Start of Supplied records

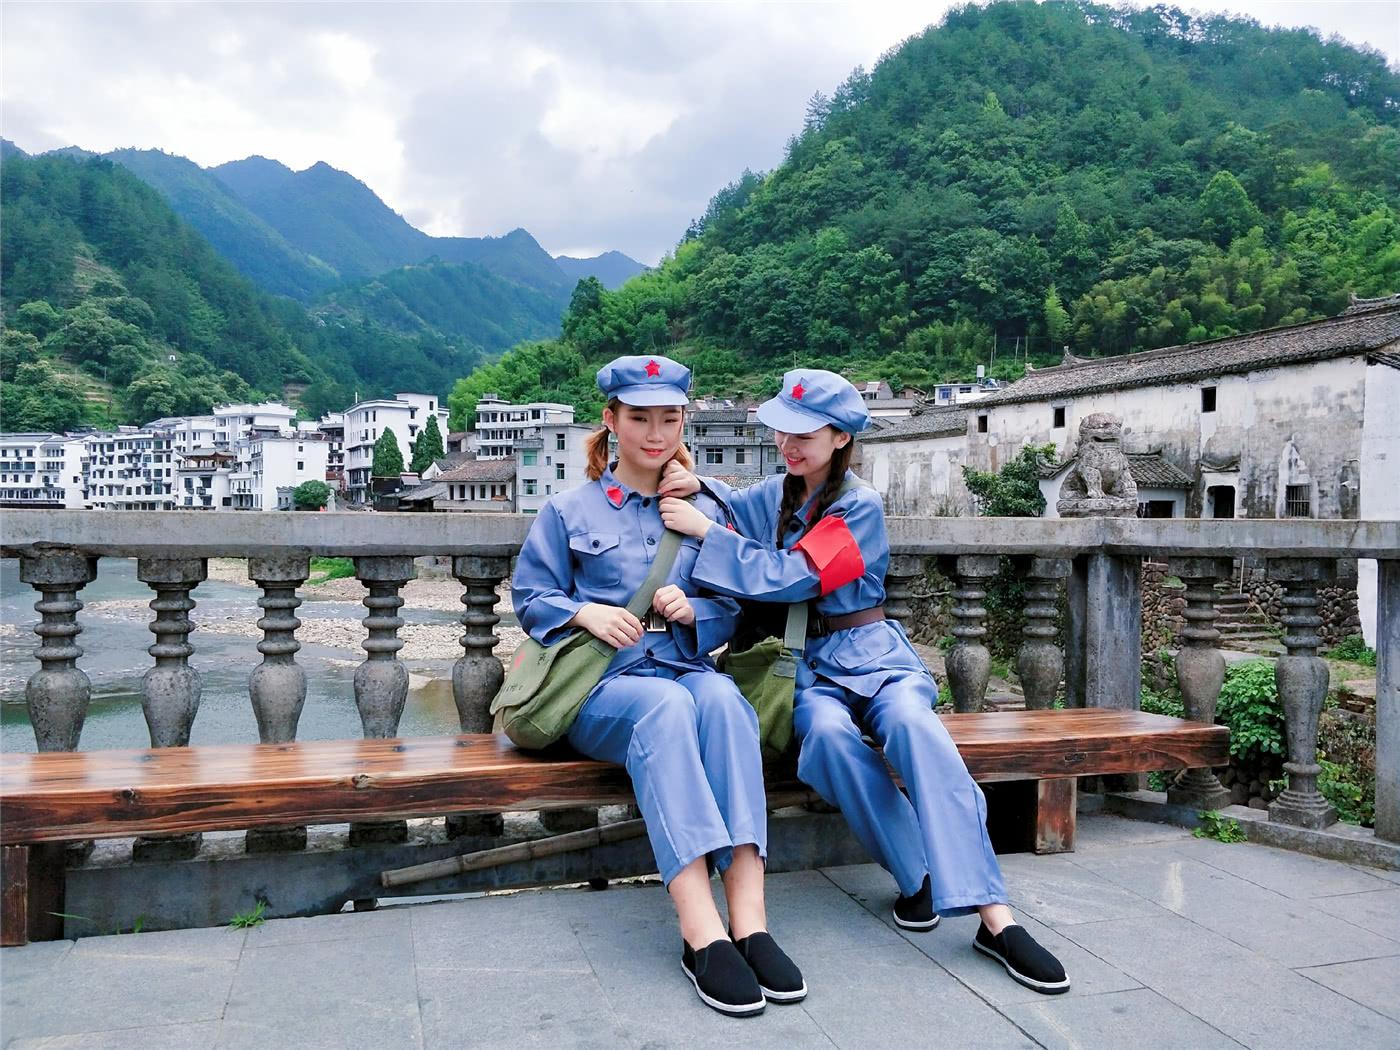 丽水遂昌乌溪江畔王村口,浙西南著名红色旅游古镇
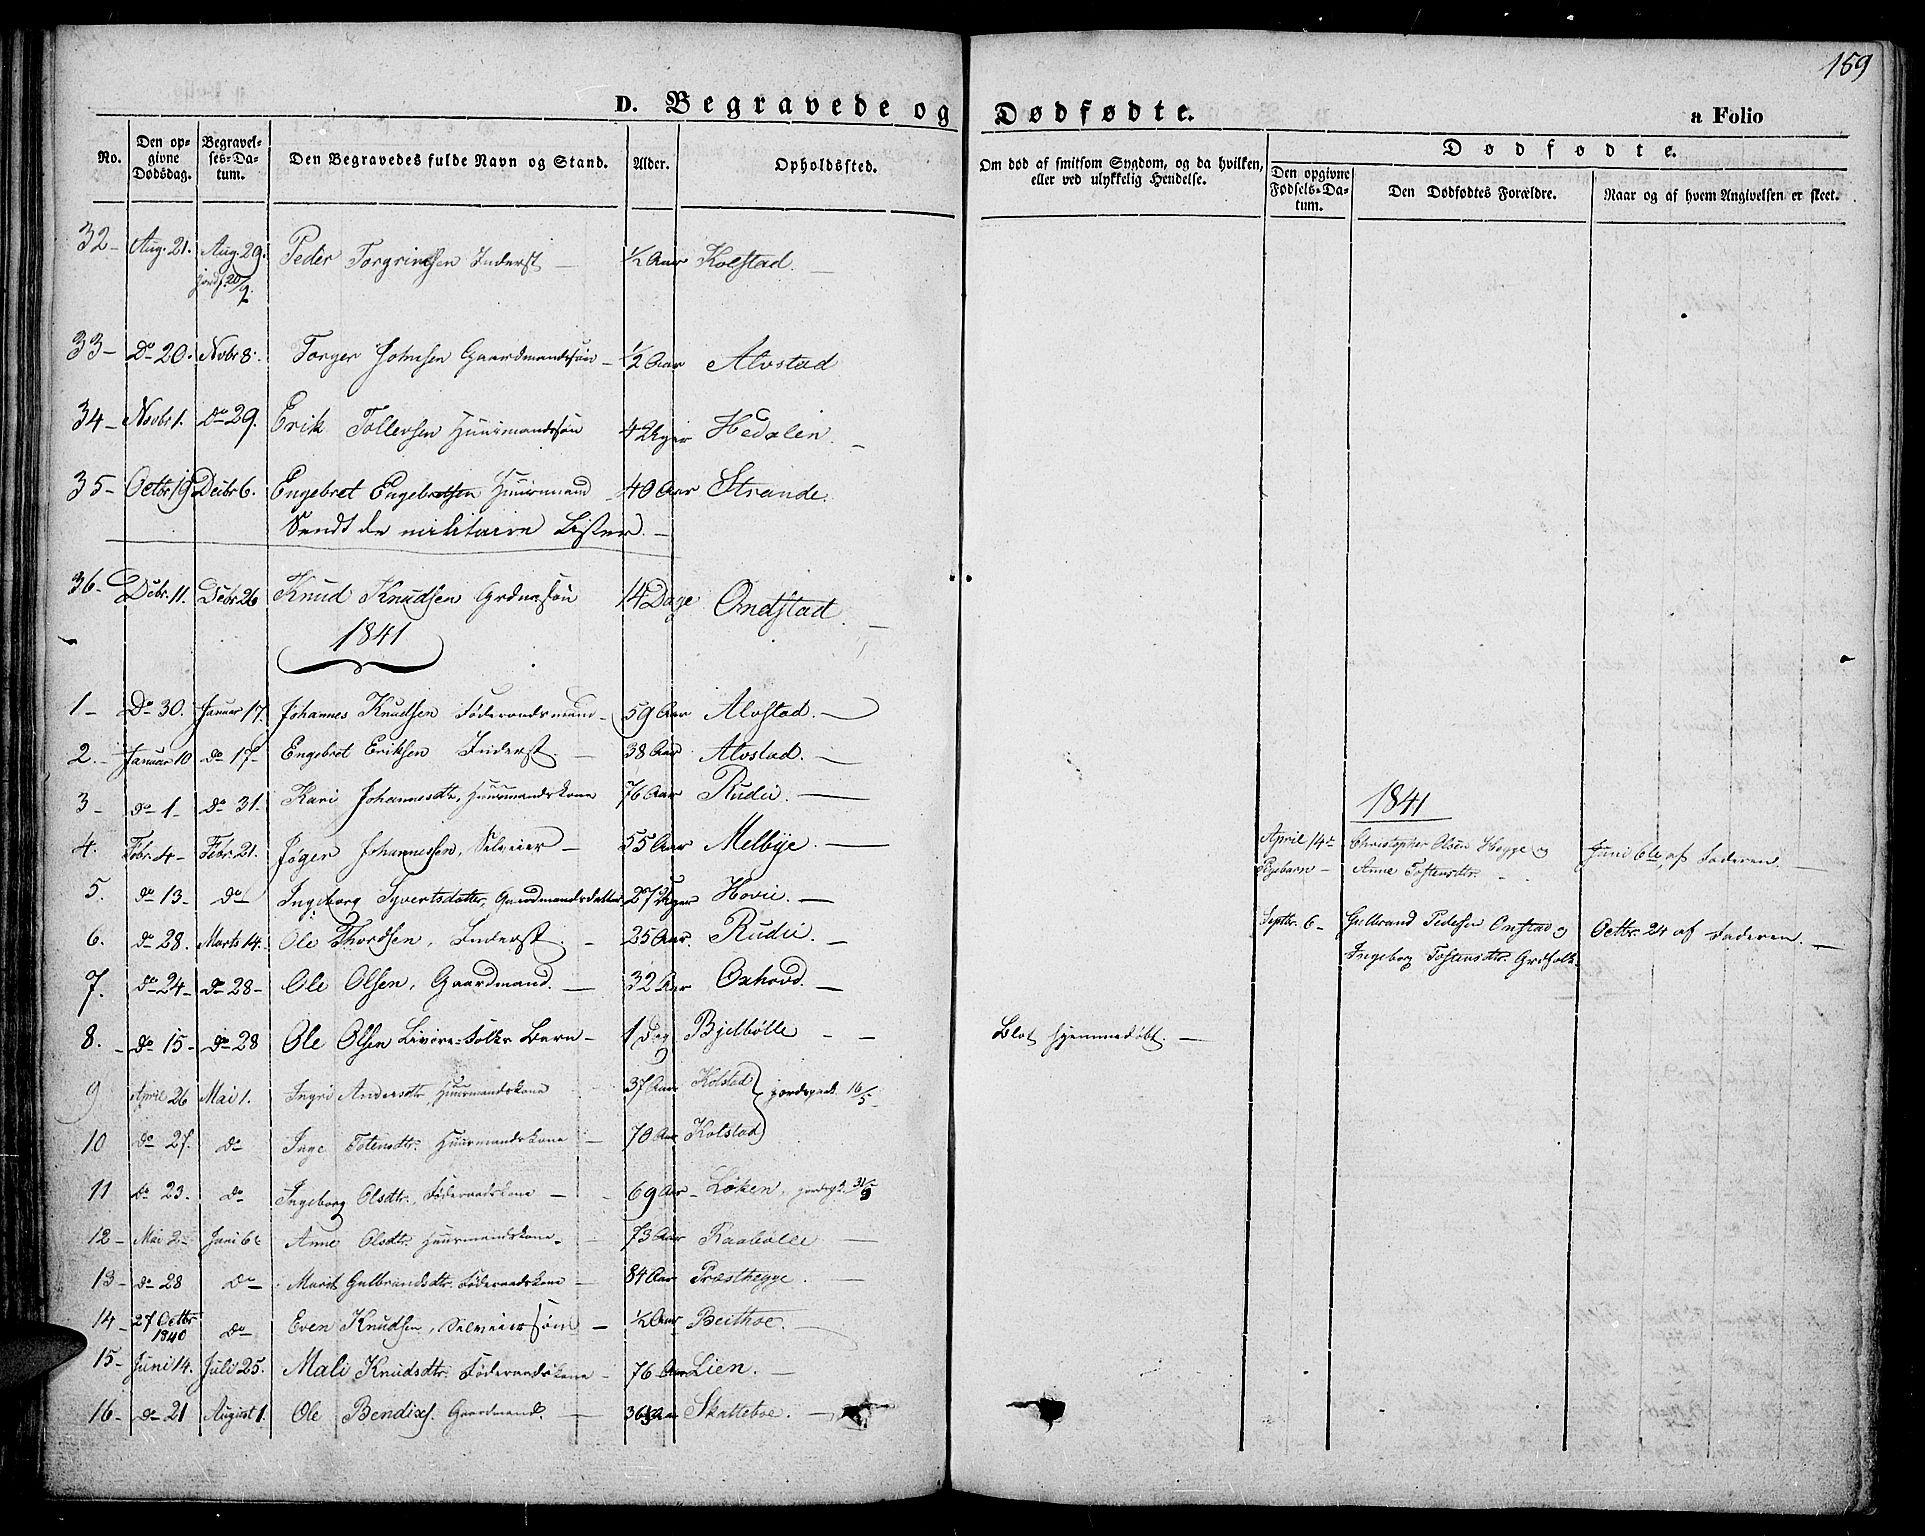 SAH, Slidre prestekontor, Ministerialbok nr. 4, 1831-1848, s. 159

End of Supplied records
Start of Supplied records

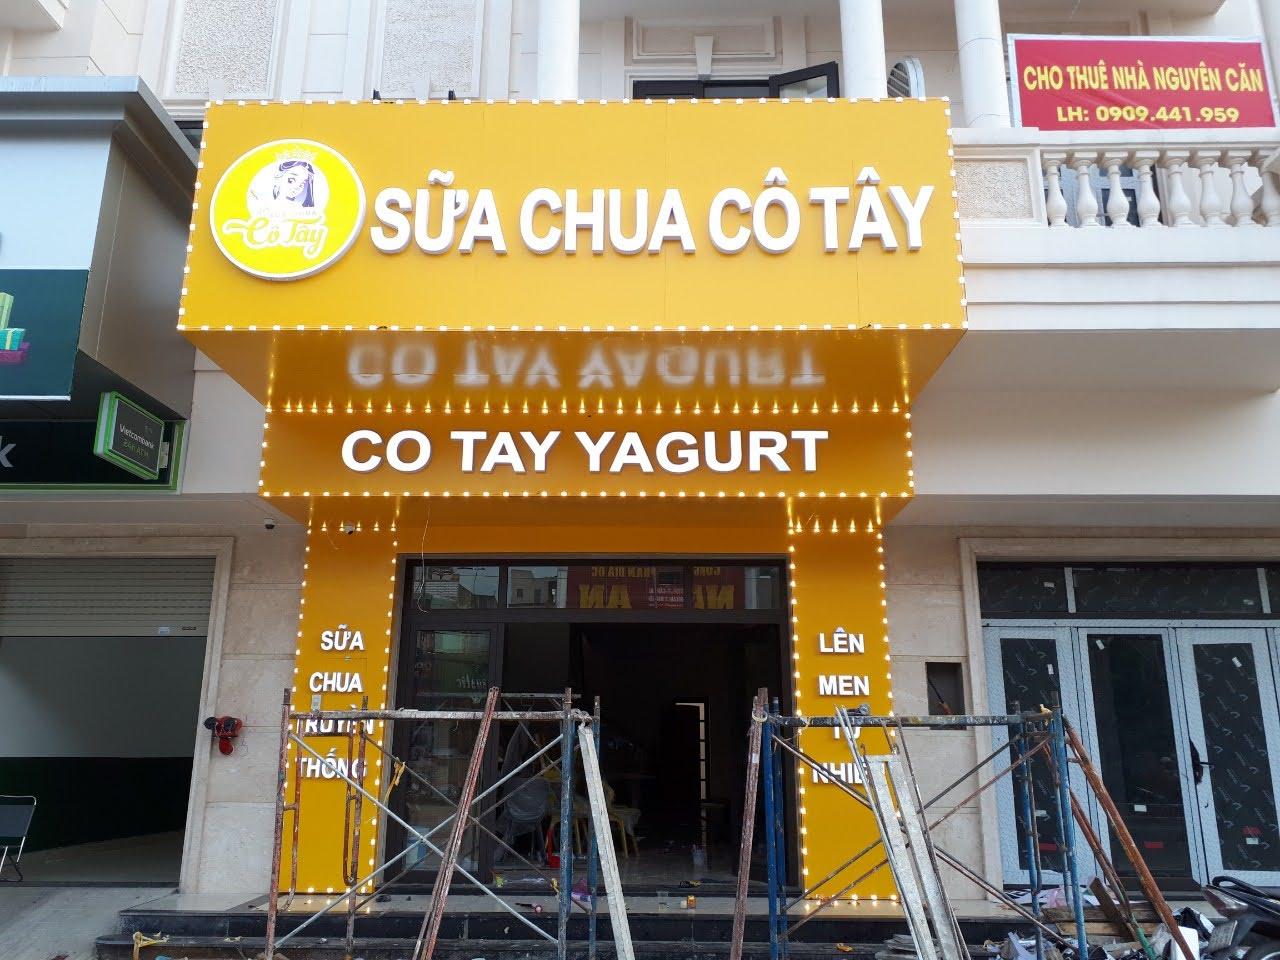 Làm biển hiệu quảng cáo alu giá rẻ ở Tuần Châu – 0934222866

End of Supplied records

**How to complete this task**:
Give back exactly the lines above from the one with "丽水遂昌乌溪江畔王村口,浙西南著名红色旅游古镇" through the one with "SAH, Slidre prestekontor, Ministerialbok", both included. Pictures don't belong in the copy.

**Solution**:
 丽水遂昌乌溪江畔王村口,浙西南著名红色旅游古镇
 SAH, Slidre prestekontor, Ministerialbok nr. 4, 1831-1848, s. 159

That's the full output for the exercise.